How a Fourth Case of COVID Changed My Perspective on the Pandemic

Here we go again, I thought as the telltale line rapidly materialized. It was my fourth time getting COVID, a statement that usually elicits disbelief from friends and some quick caveats on my end. Did the time when rosemary and gorgonzola suddenly became utterly tasteless (a cruel indignity—I was in Italy!) but I never officially tested positive count? (Given my husband did, my suspicions are pretty strong.) Did the time when all my kids had it, and I had a mysteriously virulent cold (but was somehow negative) count? And then there were the two actual positives, the most recent of which was staring me in the face. 

Last summer, when the whole family got COVID, I clicked into quarantine mode as soon as the first kid came down with it. Off he went to his bedroom, cloistered with the iPad, Gatorade, and a bowl of potato chips. He didn’t get out of his pajamas for days and I think he had the time of his life, especially when he was joined by his brother a few days later and they could huddle around the warm blue light of the tablet’s glow together. Their cases were mild; we were lucky. 

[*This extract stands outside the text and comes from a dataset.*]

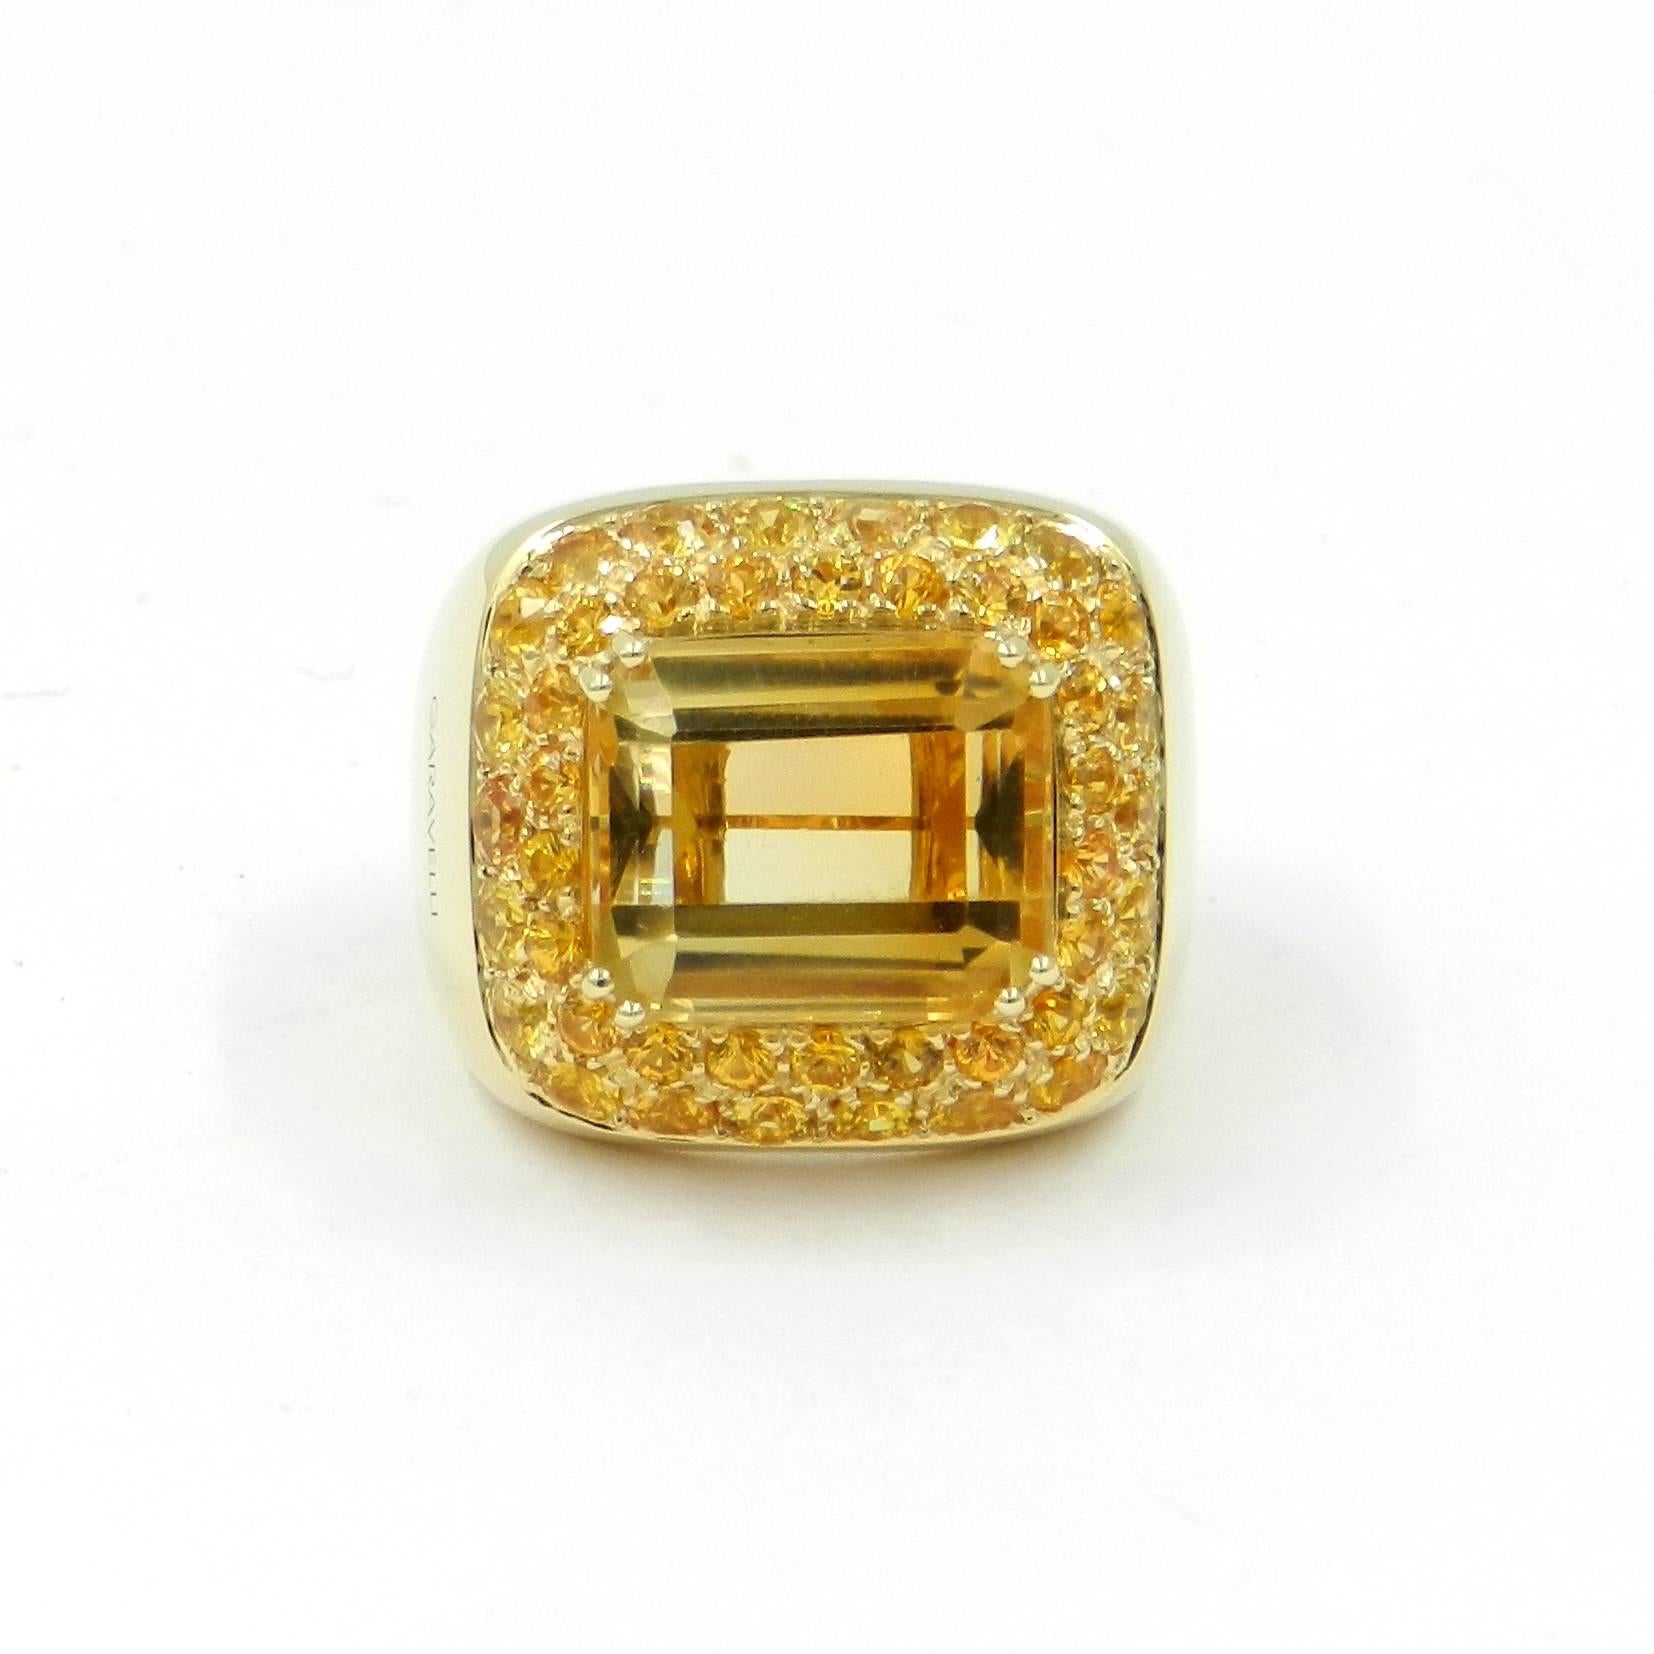 citrine and yellow sapphire are same

But when the virus began its slow roll through the house, infecting the remaining two siblings (one of whom was a three-month-old baby) and me, I felt increasingly unlucky. The kids missed their last days of school; they didn’t get to say goodbye to their friends as we were leaving the city in which we had spent the year. Packing is not a particularly recuperative activity. But perhaps the most onerous thing (and this speaks to our essential good fortune) was the sluggish pace of our infections. We had, essentially, six weeks of COVID in the house between all the overlapping cases and the tests that just would not come up negative. “It’s so weird,” my seven-year-old would say every disheartening day. “I feel totally fine.” Thank God I was on parental leave from my job. What a world in which this was how I spent it: shuttling between my more grown-up kids, breastfeeding my baby from behind a KN95, hoping she wouldn’t inhale a stray respiratory droplet. She did, of course. Eventually we split up the kids and shipped the recovered ones to my parents’ so as not to risk re-infection. 

And then, a mere six-ish months later, I got it again! Still mild, still lucky. But good lord, this time it did not feel fortunate at all when I contemplated more Florence Nightingale-ing while also trying to get better myself. Despite my blithe advice to parents that it’s best for everyone in the house to get it and get it over with, I clapped a mask over my face and fled to my bedroom as soon as the dreaded line appeared. If there was any way I could avoid the multi-case disaster of the previous summer, I was going to attempt to do it. And so I took to my bed, watched all of Abbott Elementary, and was basically fine in a few days. Then began the strange recovery period so succinctly voiced by my seven-year-old: I was fine? But I was also alone in my room while my four children rattled around the house, attended to by overlapping babysitters and my text directives issued from behind closed doors, as I looked out the window of my bedroom. Had I ever noticed that an orange tabby hangs out on the roof of my garage? That in the afternoon, the bare branches of the trees cast a pretty lattice shadow on the walls ? When was the last time I had so much time to myself?